The BBC’s Paul Danahar opined that Guthrie “is the toughest moderator/interviewer that the President Trump has faced for some time,” while his colleague Nick Bryant asked: “Can Savannah Guthrie moderate every presidential debate?”
Even Rachel Maddow, who was at pains post-town hall to dissociate MSNBC from the entire enterprise, stressing that it was a production, however dubious, of NBC News, called Guthrie’s performance “sharp.”
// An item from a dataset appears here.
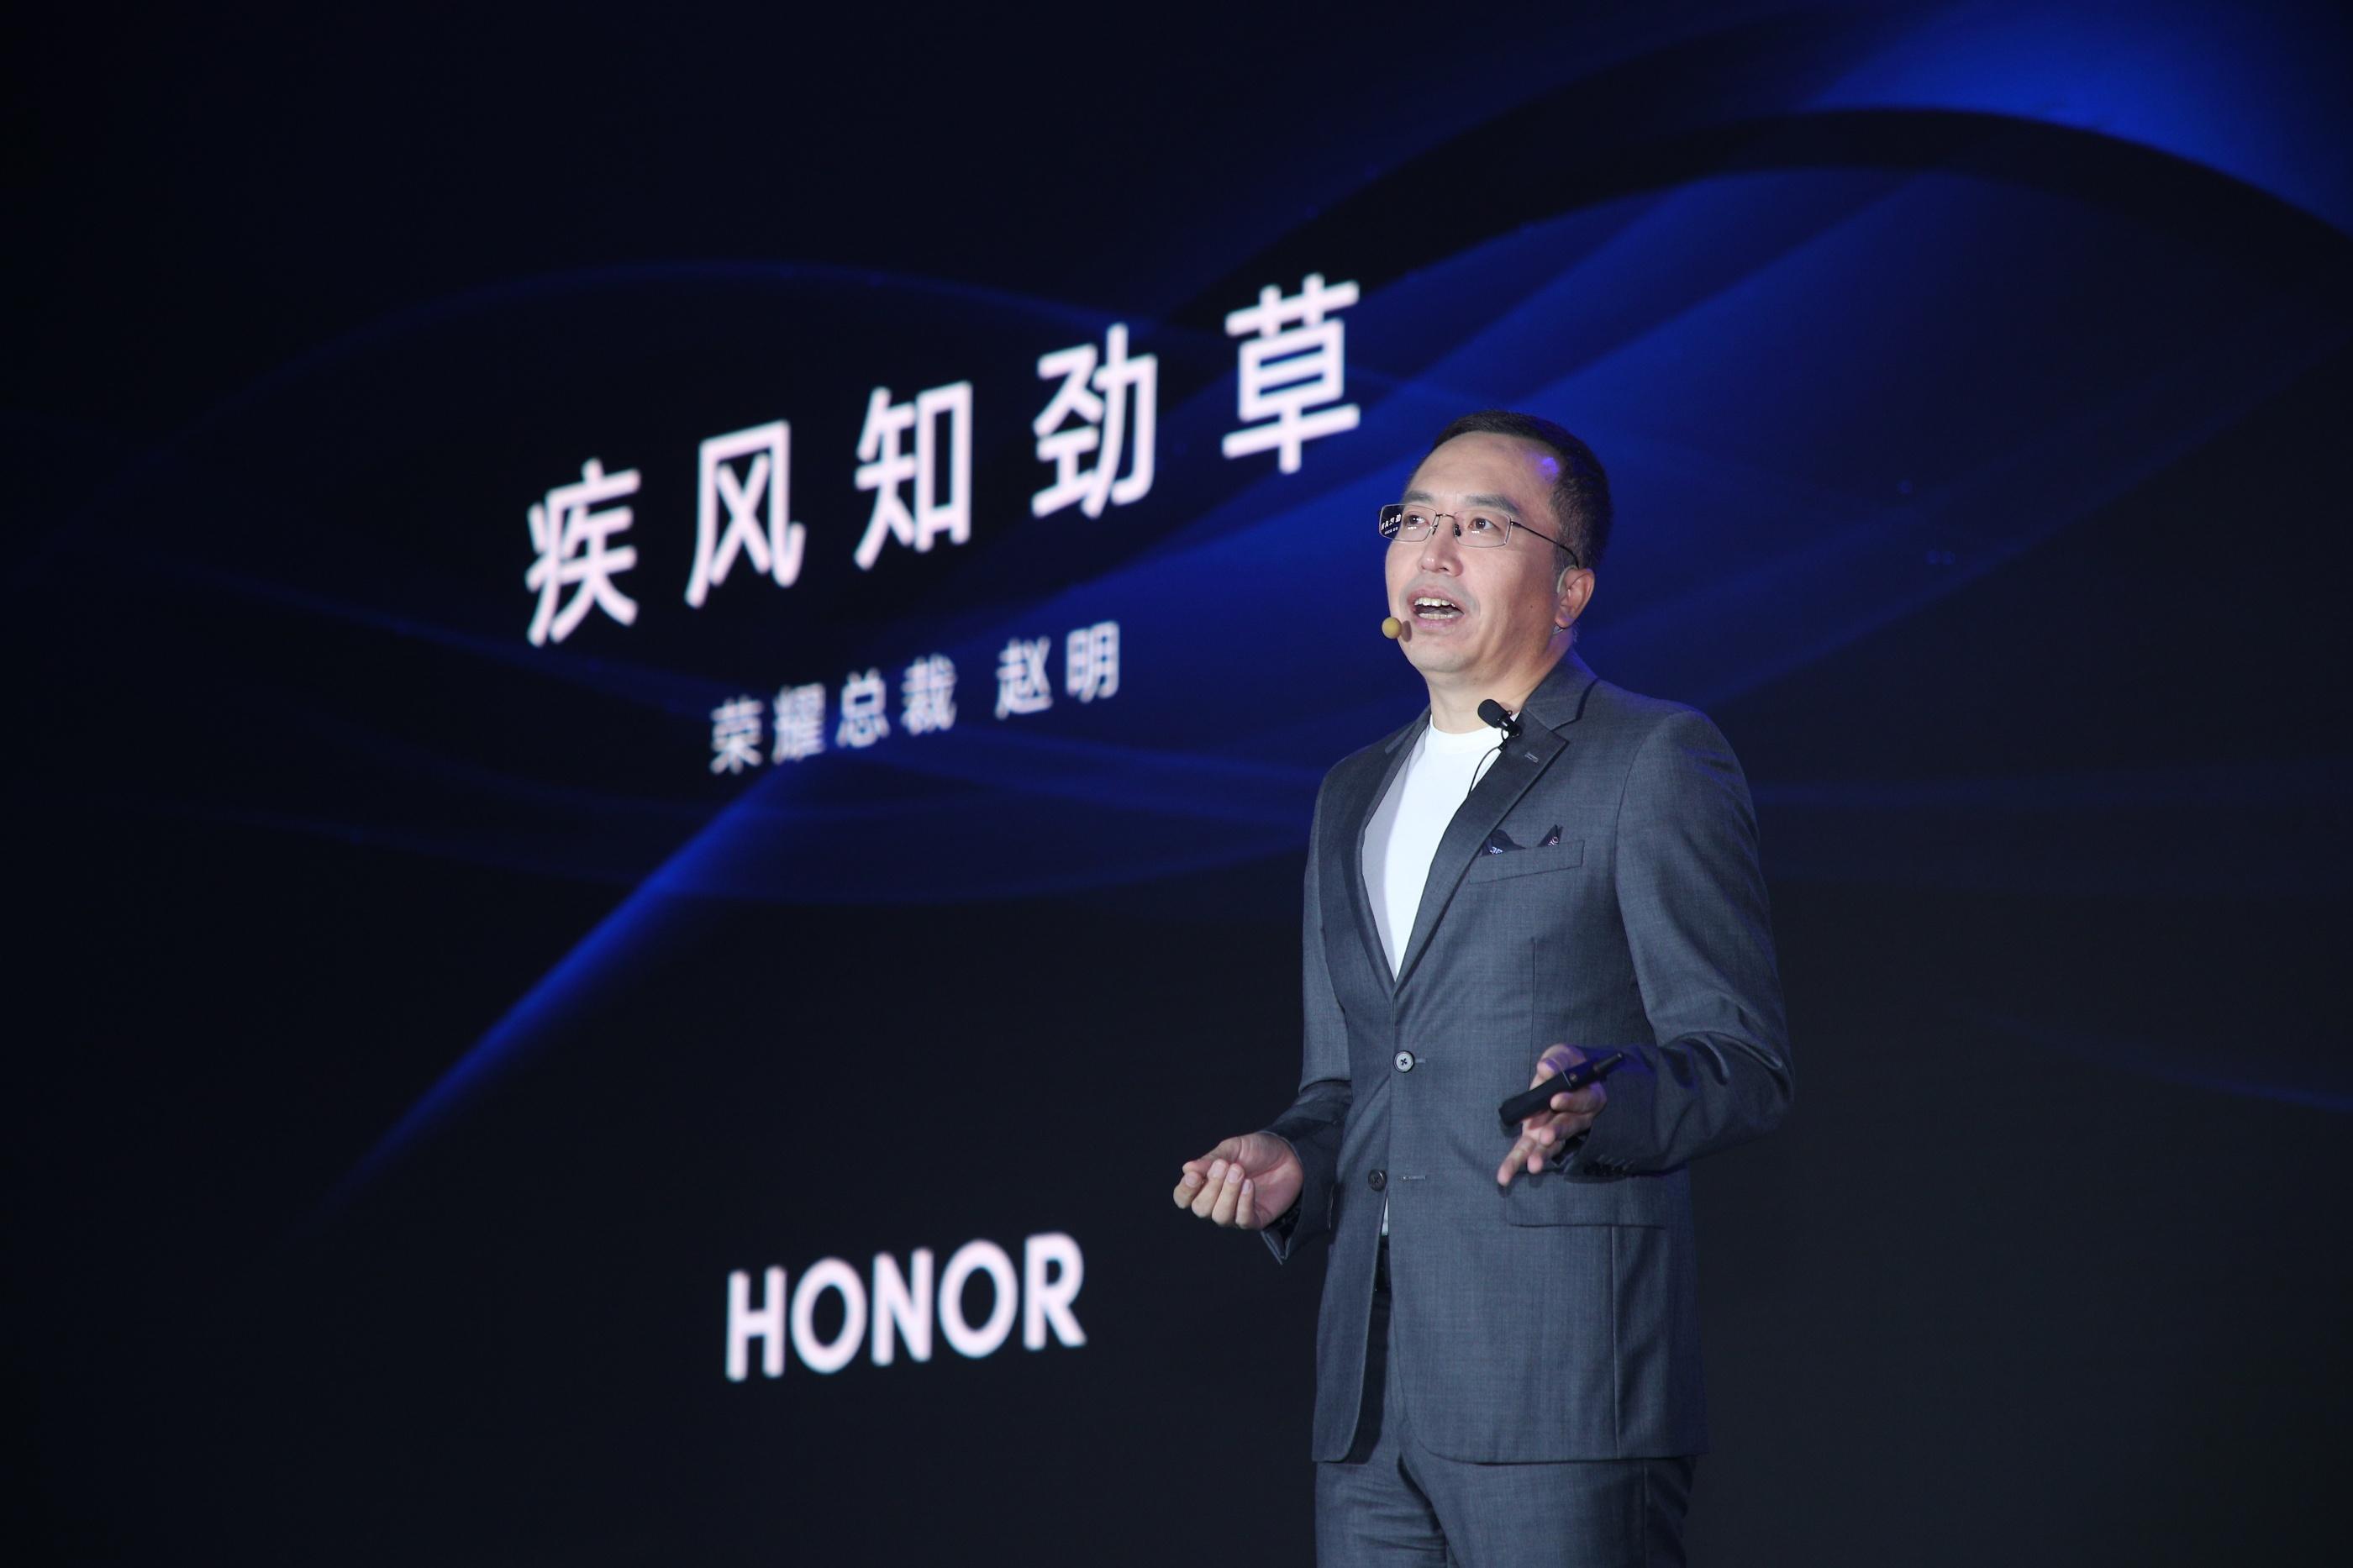 荣耀总裁赵明:今年的风是寒流,困难越大荣耀越大,要做全球第四

Albeit a handsomely remunerated TV star, Guthrie has faced down head-swimming challenges before—being installed in the Today show chair beside Matt Lauer right after Ann Curry’s ugly departure and having to announce live on air Lauer’s even uglier exit. She was a significant improvement, in any case, on a previous NBC town hall in 2016, when Lauer tormented Hillary Clinton about her emails for half of a 30-minute session but let Trump get away with murder.
Trump on Thursday night must have been missing the disgraced Lauer.